Experimental evaluation of a pairwise broadcast synchronization in a low-power Cyber-physical system

Increasing development of Cyber-physical systems (CPS) has made it possible to enhance the brain-computer interface (BCI) with other multimodal vital sensors e.g. video, acceleration, pulse oximetry (SpO2-Measurment) that allow the neurophysiologist to monitor data in real-time. However to correlate the diverse data from distributed sensor nodes possess a huge challenge in terms of defining a global time in the network and thereby generates a demand for time synchronization in the network.

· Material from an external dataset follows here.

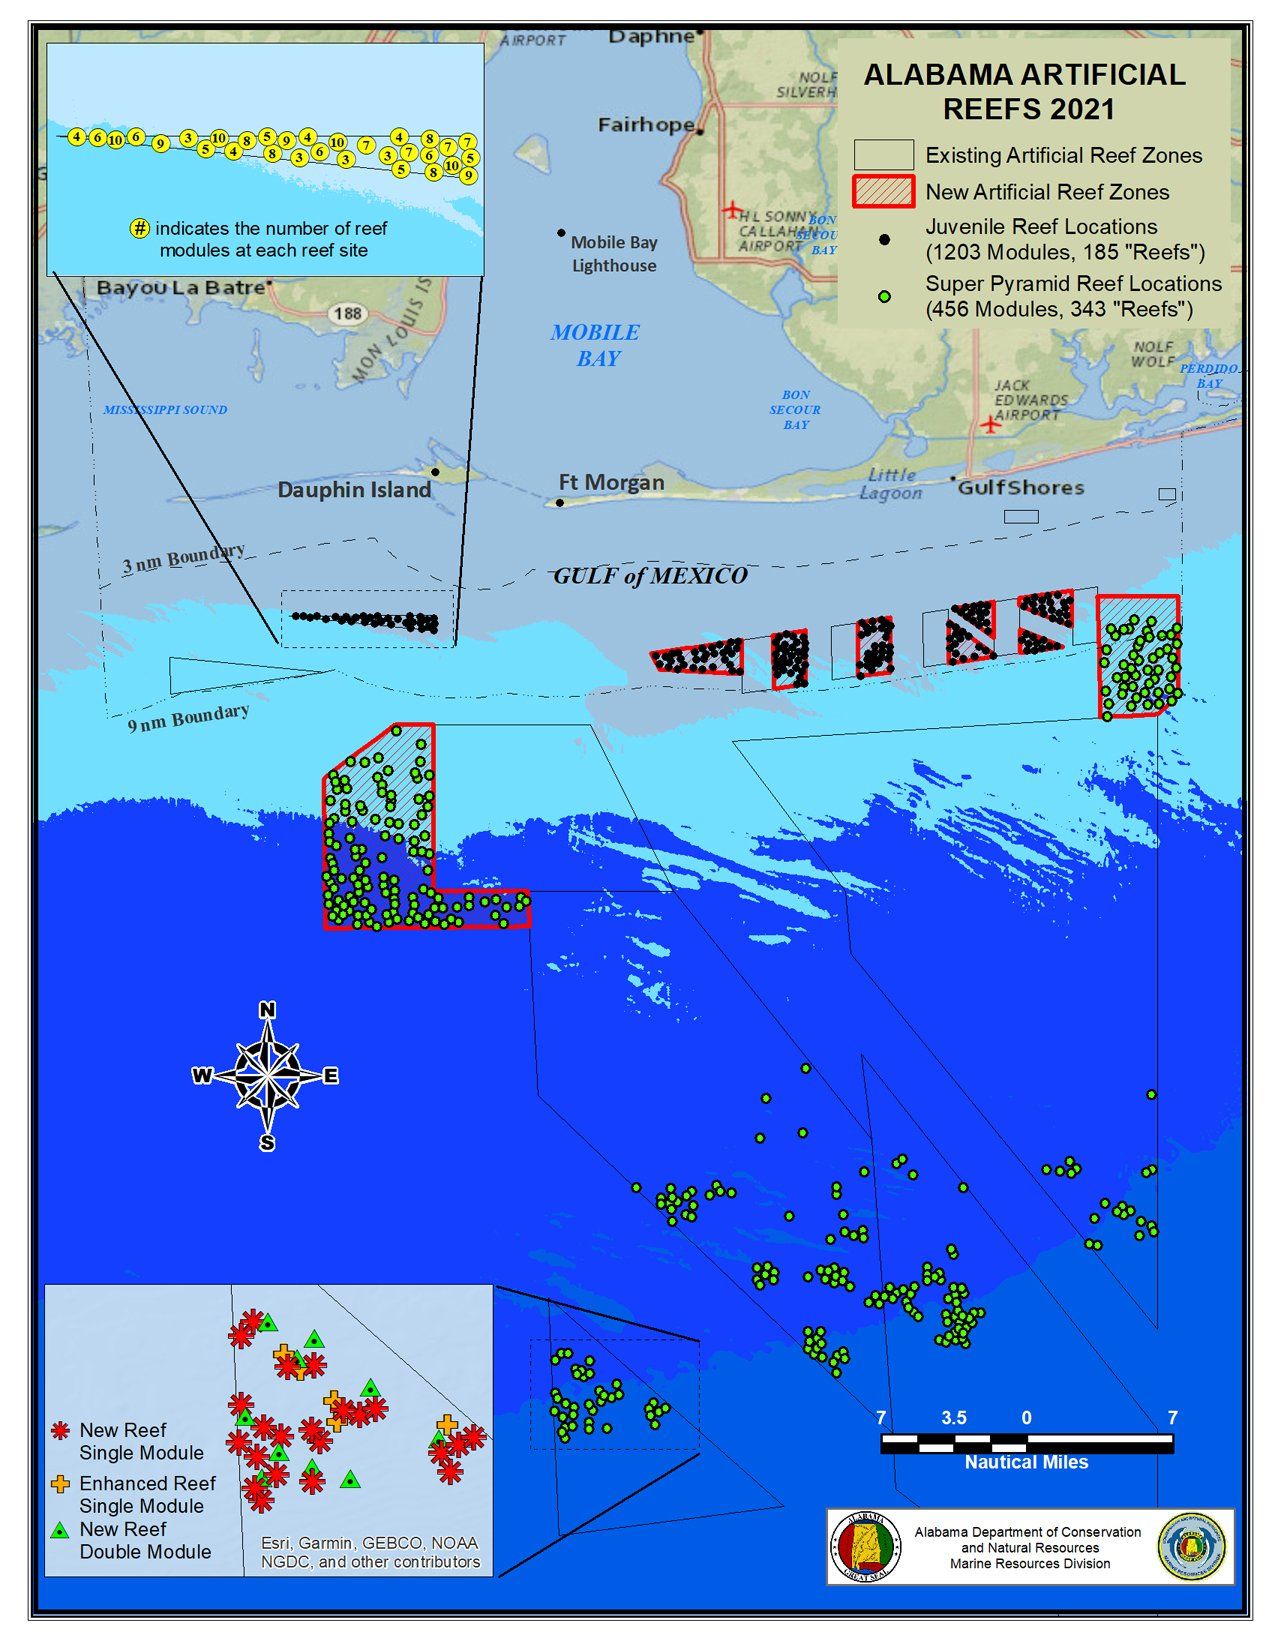 Alabama Artificial Reef Map 2021

Before employing time synchronization in such a CPS based network it is required to carefully consider number of parameters including precision, security, reliability, processing time, memory requirement and energy costs. In this paper an energy-efficient clock synchronization method using two-way message exchange protocol which was recently proposed and theoretically proved namely pairwise-broadcast synchronization (PBS) and another similar method called timing-sync protocol for sensor networks (TPSN) were implemented. For this purpose a novel autarkic hardware pair was designed to enable the interoperability with existing infrastructure. Bluetooth low energy (BLE) medium was taken into consideration to ease the medical certification procedure and low power consumption. An experimental evaluation of the methods focusing on their reproducibility, precision, and performance overhead was discussed.